ICSE second main conference day: General observations

I have been at the International Conference on Software Engineering in Hawaii since last Friday. Today is the second-last day of the event, and the second day of the 'main' conference. You can look back at my recent posts to see some sessions I have blogged about.

Here are some general thoughts. Some of these thoughts might help other conference organizers.
  • Attendance has been excellent (over 1000), although as usual mostly from academics. It is too bad that in our field the main conference doesn't also have a large contingent of software practitioners, with practical 'how to do it' sessions for them.
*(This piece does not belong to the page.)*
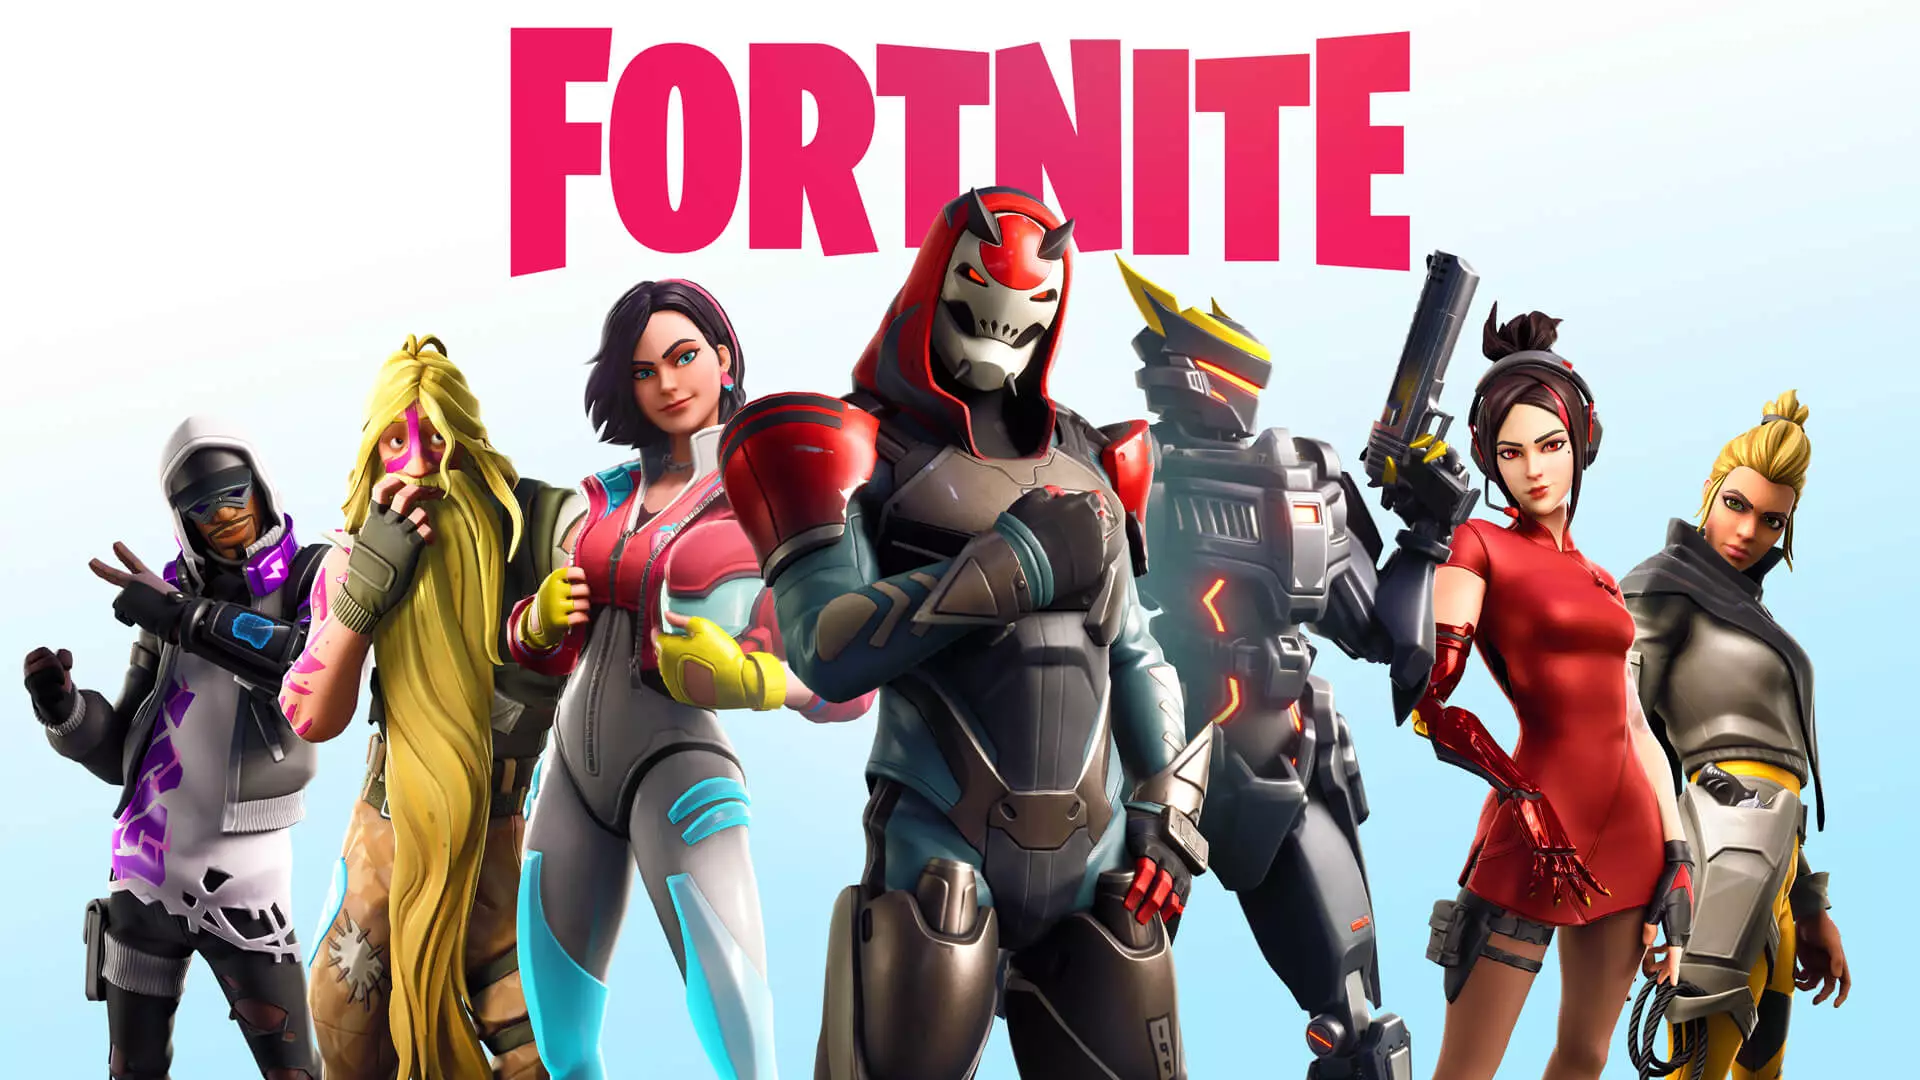 Fortnite offers a whole variety of in-game purchases.

Surely we could grow the event to encompass both types of software engineers.
  • The paper acceptance rate was on the order of 15%. This is far too low for the central conference in the field. It strongly suggests that they should explicitly plan to increase the capacity of the conference in terms of paper presentations, so they can accept more. Combined with my last comment, I would have thought that ICSE might be able to double or triple in size, reflecting the importance of software engineering in today's world. Other scientific fields have many thousands of people at their conferences.
  • The WiFi has been the best of any ICSE. Historically, all the high-tech software engineers have swamped the WiFi networks of the ICSE venue. Any organizer of a CS conference should put emphasis on good WiFi. Yes, it means some people check their email rather than paying attention, but it also allows for social media, blogging, checking references speakers reference, etc. etc.
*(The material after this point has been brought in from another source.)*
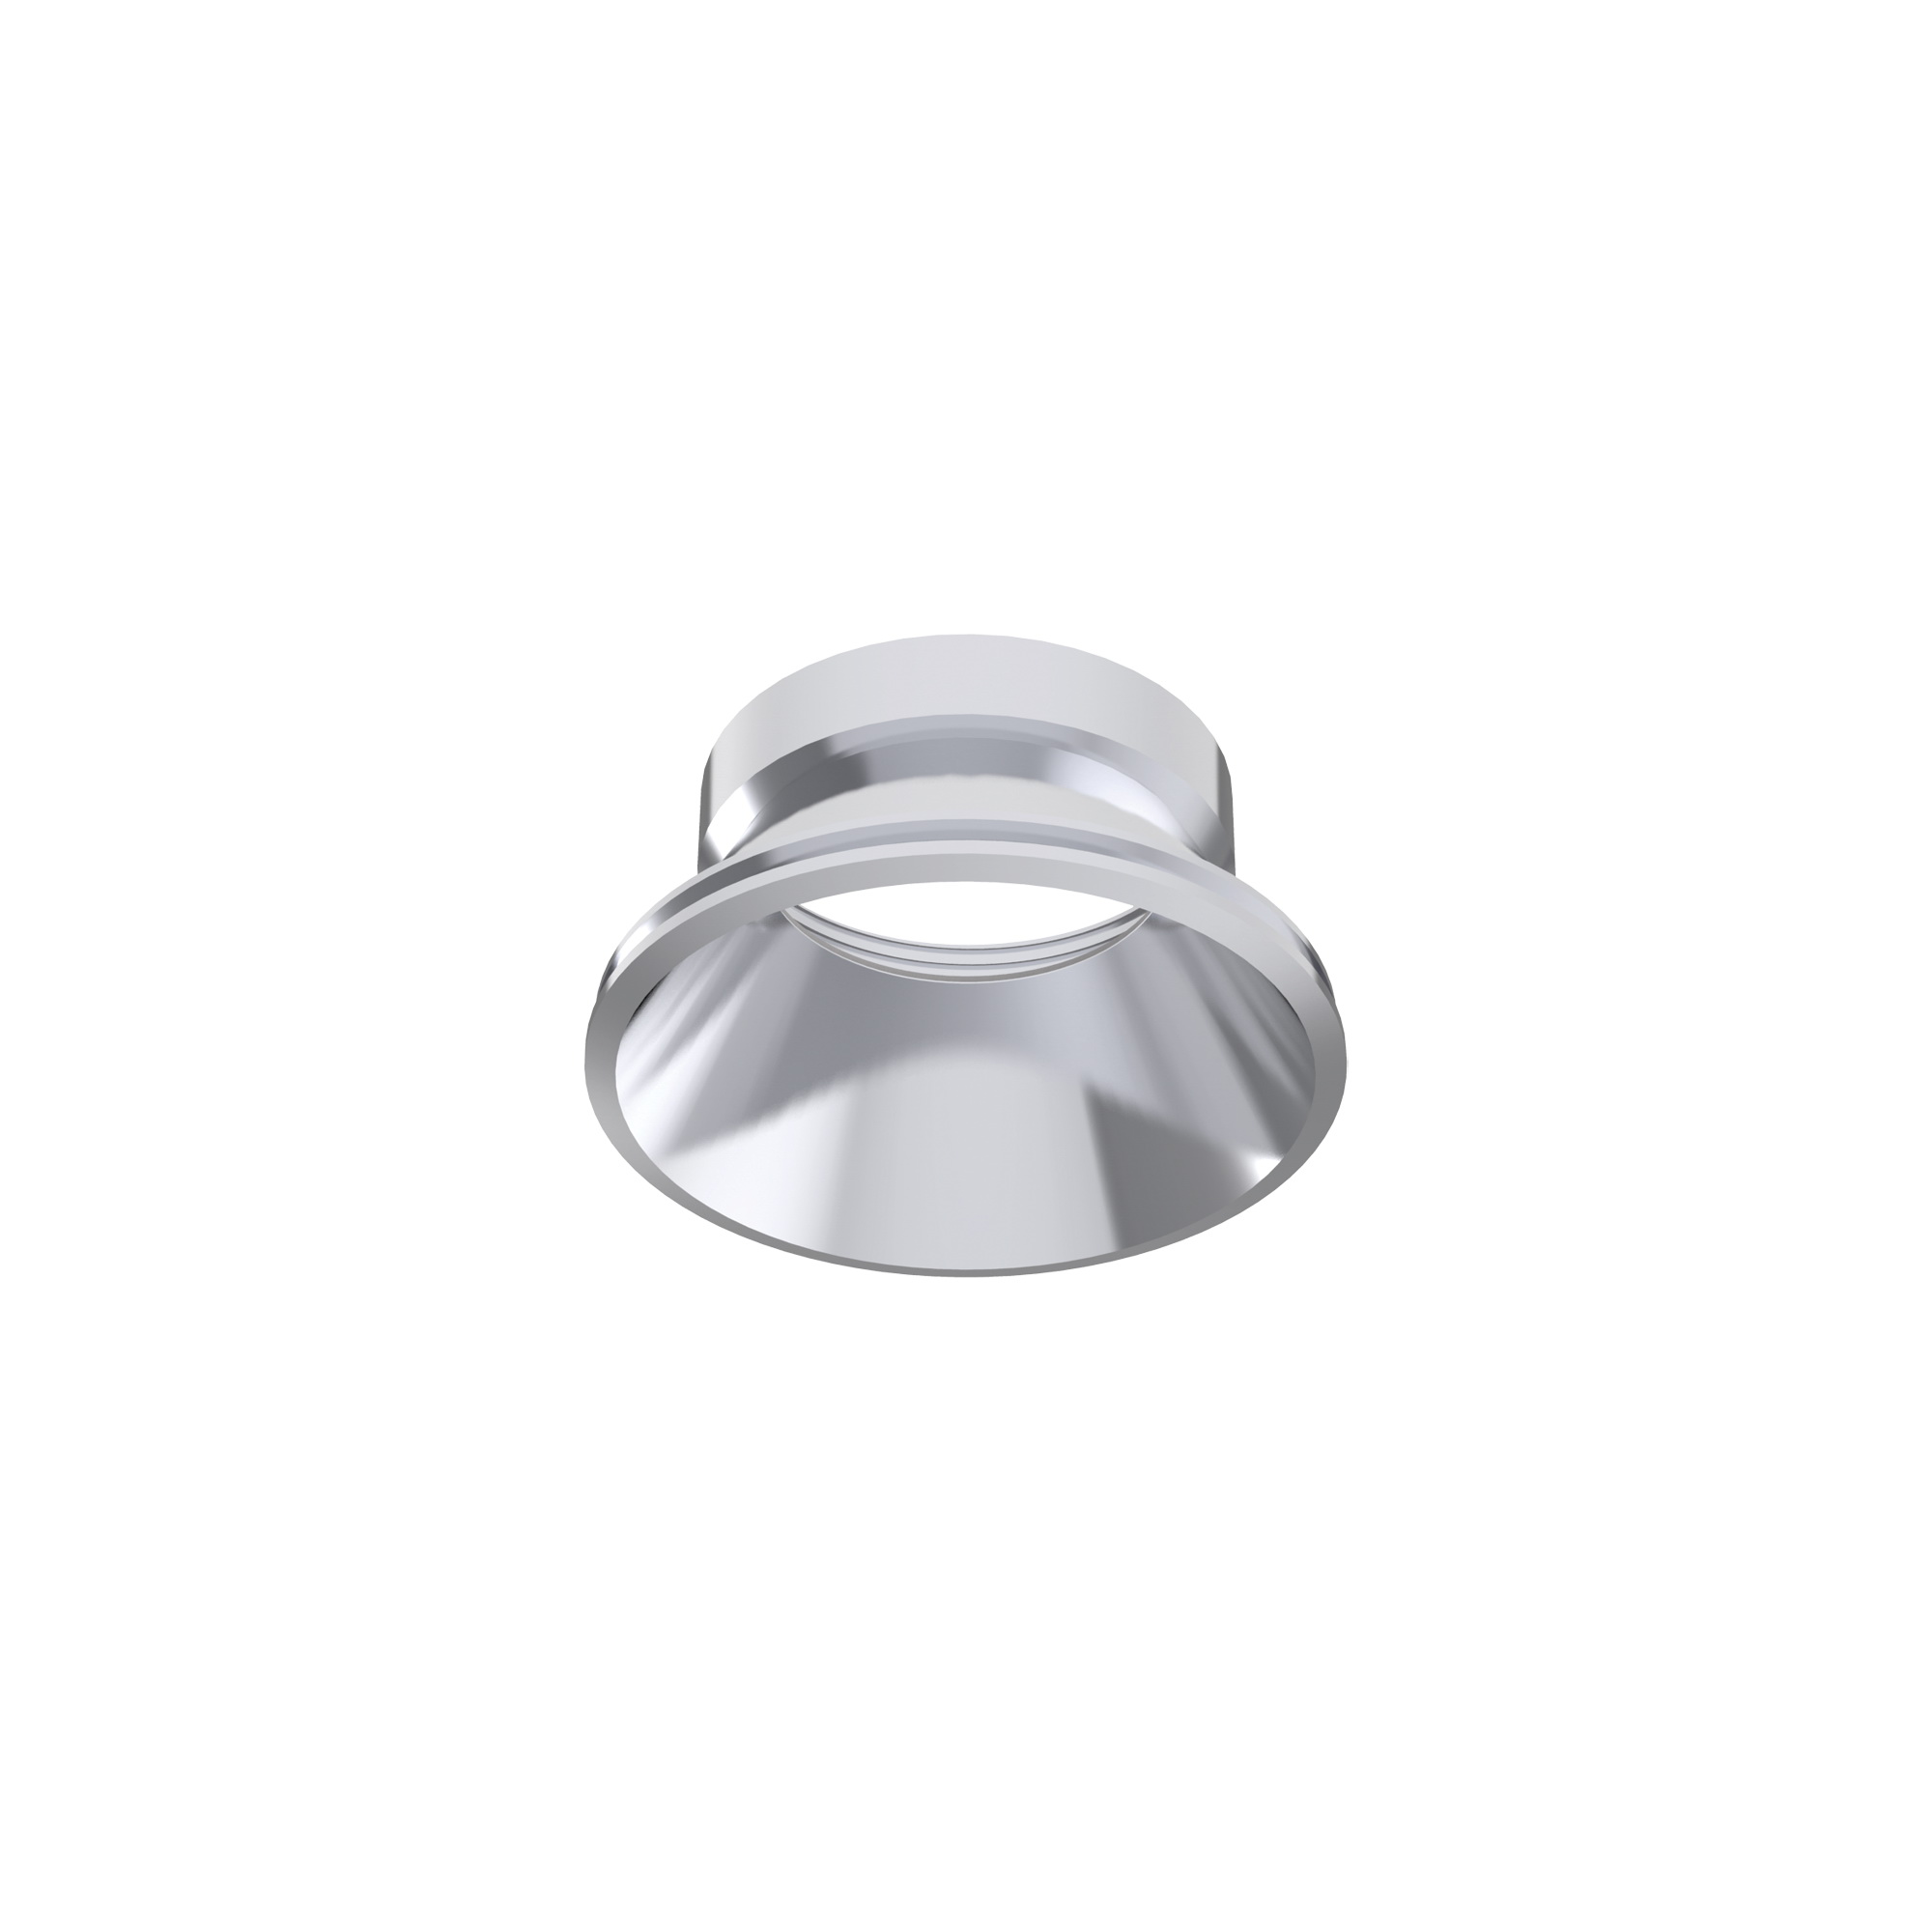 DYNAMIC REFLECTOR ROUND FIXED CHROME

  • The organizers seem to think that nobody wants coffee in the afternoon. No idea why.Also, when catering a conference breakfast, please provide lower glycemic-index options, such as bagels with cream cheese. Sweet stuff is not so healthy.
  • Keynote speakers need to be dynamic, not just interesting. Today's keynote certainly was both.
  • At ICSE, it is great to have keynotes on peripheral areas, like this year's two keynotes so far. I particularly liked today's talk, which I blogged about in detail. However, keynotes from companies that do software engineering, or radical new core SE ideas, would be very valued. In fact the non-keynote session from the sponsors, which I also blogged about, was better attended than the keynotes.